Just as you may select a file from a directory tree by specifying its absolute pathname, you may select any node from the document tree by its absolute path. To select the <index> element, the path would be /document/index. In a file system, names must be unique within a directory. Thus, a path will select only one file. In an XML document, however, a parent element may have many child elements with the same name. Thus, the absolute XPath expression /document/para selects the nodes on lines 5 and 6 of the sample document, and /document/index/item selects the elements whose start tags are on lines 8 and 11.

Just as you can create relative path names in a file system (relative to the “current working directory”) XPath allows you to specify nodes by using path names relative to the “context node” in the document tree. If your context node is the <para> on line 5, the relative path to the index nodes is simply index. If your context node is the <index> on line 7, then the path item/para will select the nodes on lines 9 and 12. In these cases, as with file systems, every time you take a new step on the path, you look at the children of the context node.

Just as a filesystem path uses .. (dot dot) to allow you to move up to a parent directory in the directory tree, XPath uses .. to move to the parent of a node. Thus, if your context node is the <para> element on line 12, the relative path name to the <endnote> element would be ../../endnote.
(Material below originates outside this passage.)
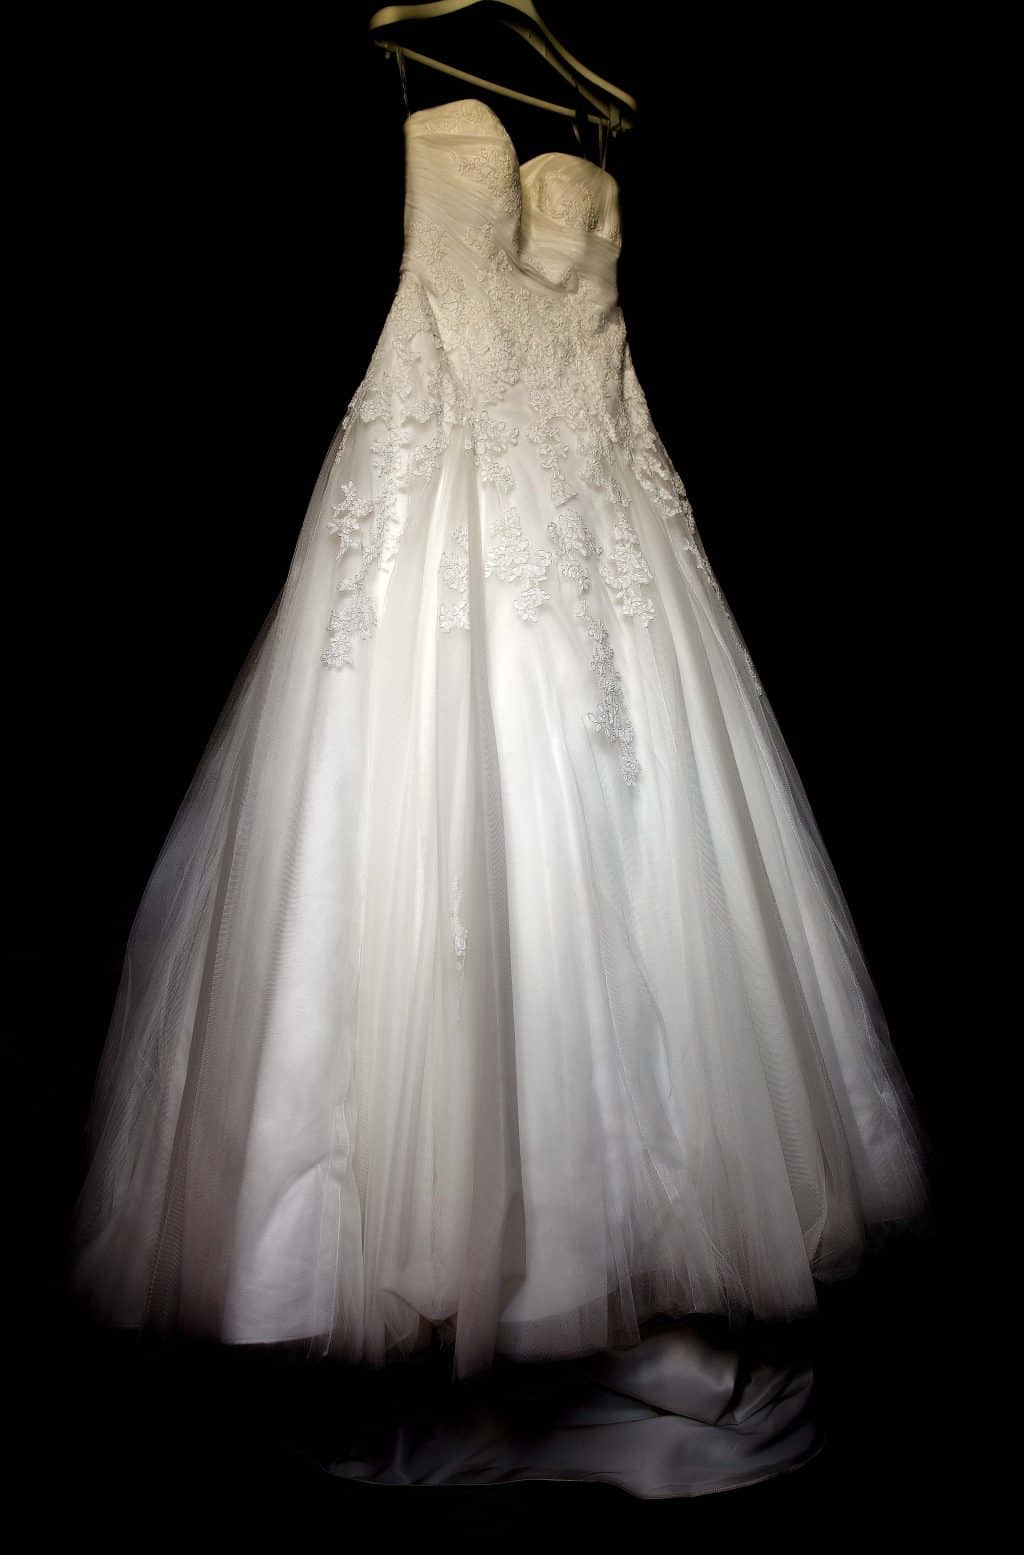 phorographie de la robe de la mariée

At this point, we must abandon the filesystem analogy, since XPath gives you many more ways to move around the document tree than just the parent and child relationships. With XPath, you may specify an axis, which is the direction in which you want to look as you move to the next step in the path. We have actually been using the child axis as a default; the non-abbreviated syntax for item/para is child::item/child::para. The following descriptions of XPath axes is adapted from XML in a Nutshell, by Elliotte Rusty Harold and W. Scott Means, ISBN 1-56592-580-7.

In an XPath expression, you select nodes by giving the axis and the name of the node(s) you want. You may also use these constructions: axis::* to mean “all element nodes along an axis,” @* to mean “all attribute nodes of the context node,” and axis::node() to mean “all nodes, including text and comments, attributes, and namespaces, along an axis. Table B.1, “Examples of XPath Axes” gives some examples in terms of line numbers in Example B.1, “Sample XML Document”.

But wait, there’s more! You can also select nodes depending on a condition. This condition is known as a predicate (since the selection is “predicated upon” the condition). The predicate is enclosed in square brackets, and may also contain an XPath expression. Thus, to find all <para> elements that have an align attribute with the value center, you would say //para[@align="center"], or, without abbreviations, /descendant-or-self::para[attribute::align="center"]. If you were at line 15 of Example B.1, “Sample XML Document” and wanted to find all the preceding <para> elements that had <item> parents, you would say preceding::para[parent::item]. A predicate does not require a relational operation like = or > or <=; if the node exists, the predicate is true. If it doesn’t, the predicate is false.

Note

The expression preceding::para[parent::item] selects the <para> nodes, not the <item> node. The predicate looks for the parent::item, but does not change the context node.

If the predicate consists of a number n, then the predicate matches the nth element in the set of selected nodes. The first node is numbered one, not zero.

XPath’s ability to reach any part of a document from any other part of the document allows XSLT to perform powerful and radical transformations on documents.

An XSLT stylesheet consists of a series of templates, which tell the transformation engine what to do when it encounters certain items. For example, a template might express the idea of “whenever you find a <para> element in the source document, put a <p> element into the output document.” We’ll see these in action in a while, but first, let’s look at the simplest possible transformation.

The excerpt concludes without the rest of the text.